ROB BOWMAN:: "Taking a medieval, mystical, mythical creature and putting him into what I felt was really a World War II scenario [excited me]."
MATTHEW McCONAUGHEY:: "The dragon fights are spectacular, sure, but you also give a damn about the people on the ground. If the movie had a cartoon style instead of a style based in reality, I think that might get lost."
CHRISTIAN BALE:: “I had a lot of reservations about making a movie like this.
Any movie is a leap of faith, especially so when you’re not going to meet the star of it – and the dragon is the star of this movie. I had no idea what on earth it was going to look like or how they were going to present it. All I wanted to know was that what Rob told me was going to happen was going to be exactly how (he describe it), that suddenly in editing there wasn’t going to be CGI where they decided that the dragon was going to kind of like my character, or was suddenly going to have a hat on its head, or big eyelashes. These things can happen, and I wanted to be make sure that it wasn’t that kind of project.”

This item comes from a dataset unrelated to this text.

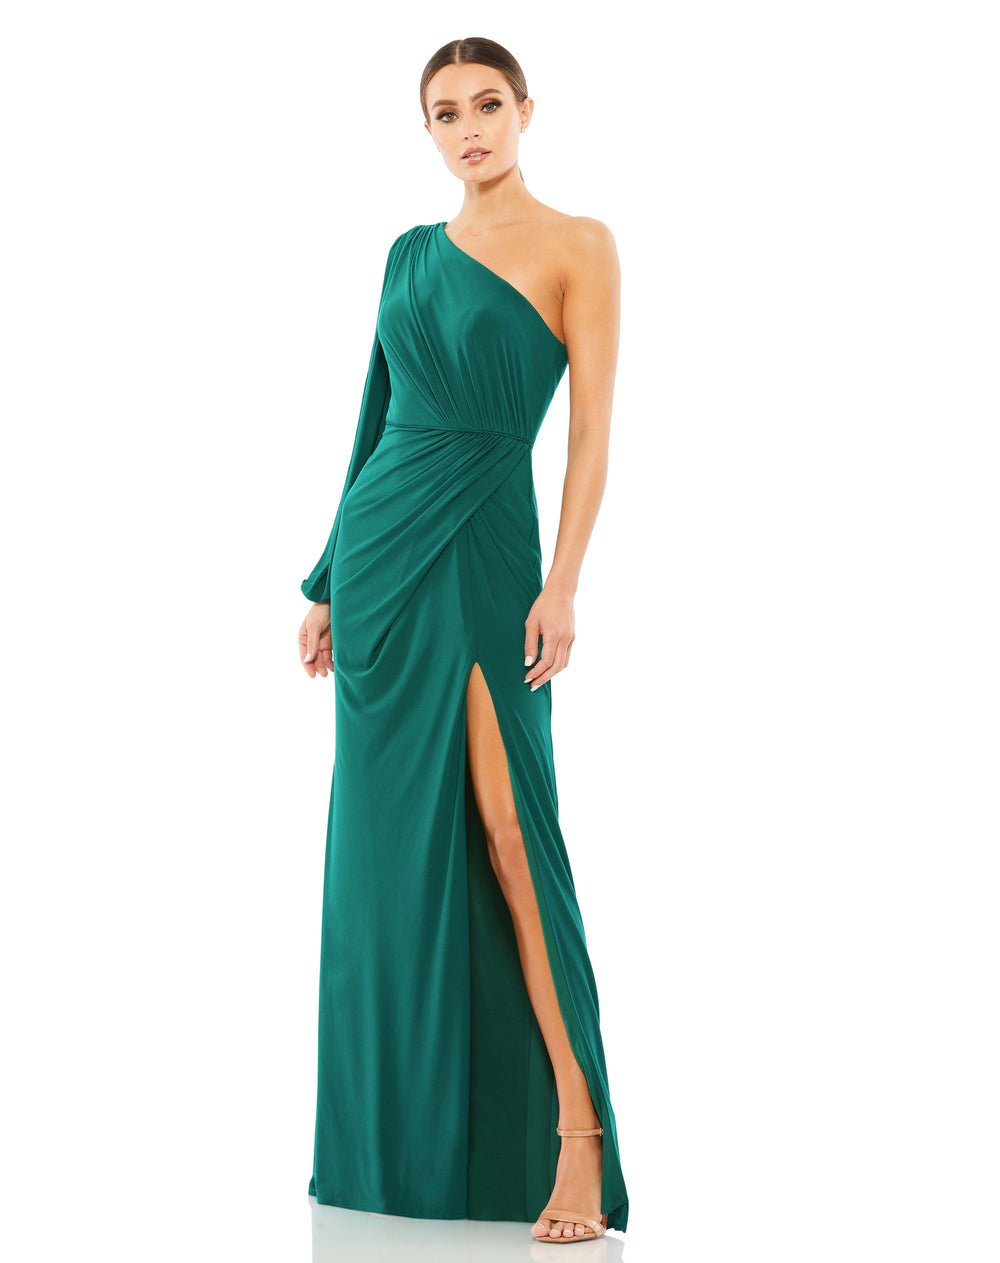 Jewel Tone Dresses: Rubies & Emeralds by Portia & Scarlett | SHAIDE ...

ROB BOWMAN:: “Basically I just made up the dragons. I had to decide how I wanted it to fly, did I want him to flap a lot or glide? Was it balletic in the air or was he a lumbering T-Rex? I decided I wanted him to be supreme, to look like a perfectly designed predator, and more agile than a jet. And his sound, his breathing, is a king cobra. I find the king cobra is the creepiest animal in the wild.”
IZABELLA SCORUPCO:: “I never thought of it as a dragon. I thought of it like a biological weapon, or an attacking plane and this is a time of war, this is the end of the world.”
CHRISTIAN BALE on having to imagine the dragons:: “It’s as silly as you can imagine it to be really, but every part of the job is. Any movie is incredibly silly. The most earnest character driven movie is still very silly if you look at it with clear eyes. It think it’s always a good idea to have that in mind, and not take yourself too seriously. But it was a new thing having to stare at midair. I got an awful lot of the artists’ renderings of the dragons, so I knew exactly what it was going to look like, and the thing that made it easier was that we didn’t use blue screen at all, it was all done on location. That enabled the performances to still have a momentum to them and a reality, instead of the hygiene of a very cold atmosphere of a studio with a blue screen.”
MATTHEW McCONAUGHEY:: “It’s not that the dragons are evil, they’re more Machiavellian. They’re just doing what they have to do to survive, even if that means getting rid of Mankind along the way.”